The decade from 1961 to 1971 was one of chamber music, song-cycles, folk
settings, church parables, the War Requiem and the television opera Owen
Wingrave. It was about the survival of the Aldeburgh Festival and the
conversion, burning-down and re-building of the old barley Maltings at Snape. It
was about Mahler and oriental exotica. And it was one of life-bonding new
friendships with the dissident faction of the Soviet enemy face, Shostakovich,
Richter, Vishnevskaya, Rostropovich. Rostropovich was a unique inspiration. It
was for him that Britten wrote his Cello Sonata Op. 65 (1961), Cello
Symphony, Op. 68 (1962-63), and three unaccompanied Cello Suites, Opp. 72
(November / December 1964), 80 (August 1967) and 87 (February 1971), as well as
a set of cadenzas for the Haydn C major Concerto (1964), all, with the
exception of the Cello Symphony, first heard at Aldeburgh.
The multi-movement Cello Suites, Britten's reply to Each, whose cycle
he had heard Rostropovich play, are as strikingly personal in character as they
are a direct response to the re-creative resource and technical pre-eminence of
their dedicatee. William Mann considered the first "less harmless
than it first sounds" (a familiar Britten paradox), with
"discomforting harmonic implications" (London The Times, 2nd
July 1965). "Sheer genius" admired Rostropovich of the Third (scribbled
note, 22nd May 1972). "Less concerned with exploring the possibilities of
the solo cello in the hands of a master and with depicting sinister nocturnal
moods, [it] has nevertheless much to arrest and delight, notably a fascinating
fugue, spidery and strong as spider's webs are, with a delicate, purposeful
strength" was Ronald Crichton's reaction to the Second (Musical Times, August
1968).
The First Suite is in nine movements: three pairs of two each,
prefaced and divided by three Cantos. The ingenously-wrought Fuga echoes
baroque models; the Serenata suggests Debussy; the Bordone supports
themes variously reminiscent of ideas from Britten's wartime Violin Concerto as
well as the Elgar Cello Concerto. Old-world values return in the Fuga and
final Ciaccona (on a five-bar ground) of the Second Suite.

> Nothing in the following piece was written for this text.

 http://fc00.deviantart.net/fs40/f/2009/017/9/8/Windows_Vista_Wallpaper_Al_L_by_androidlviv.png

Atmospherically
weighted, the Third, like the First also in nine movements (Introduzione,
Marcia, Canto, Barcarolla, Dialogo, Fuga, Recitativo [fantastico], Moto perpetuo,
Passacaglia), is a more emotionally charged statement, linked by three
Tchaikovsky-arranged folksongs (The grey eagle, Autumn, Under the little
apple tree) and the Orthodox Kontakion (or Hymn for the Dead).

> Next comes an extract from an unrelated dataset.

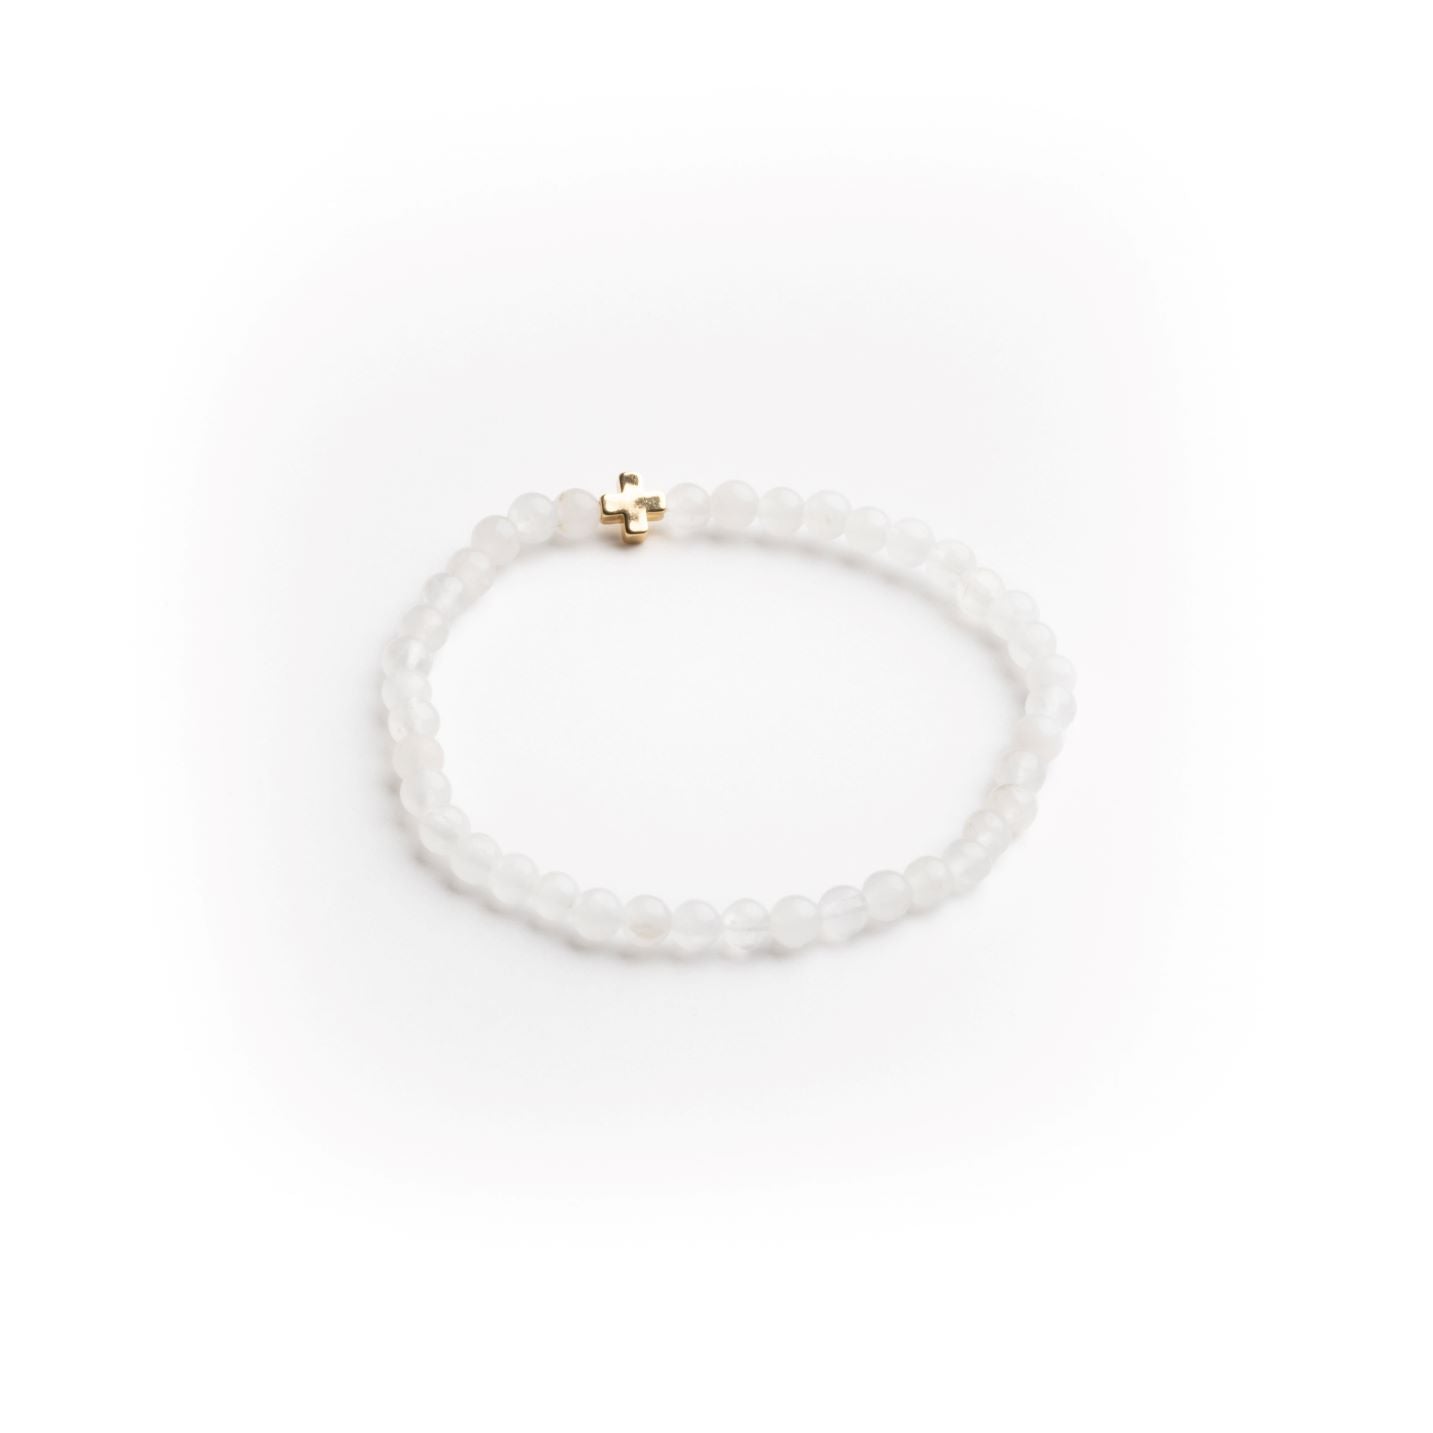 White Glass Bead Cross Bracelet - 4mm

Britten enigmatically pre-echoes, varies and disperses these Russian tunes
throughout the work before successively stating them in their original form at
the end of the closing Passacaglia.
© 1996 Ateş Orga
Tim Hugh
The British cellist Tim Hugh established a flourishing career throughout
Europe after winning two top prizes in the 1990 Tchaikovsky competition in
Moscow, and now appears regularly with many of Europe's leading orchestras. In
recent years he has toured Japan, Germany, Poland, Norway, Spain, Switzerland,
Bulgaria and Italy, while in his own country he has performed with all the BBC
orchestras as well as with the other major orchestras. Now joint principal
cellist with the London Symphony Orchestra, he has performed with them Messagesquisse
under Pierre Boulez, Don Quixote under Previn and Messiaen's Concerto
a Quatre under Kent Nagano. Tim Hugh has made many recordings of chamber
music and is now embarking on major recording projects with Naxos. These include
the three C.P.E. Bach concertos, the twelve Boccherini concertos and major
concertos in British cello repertoire.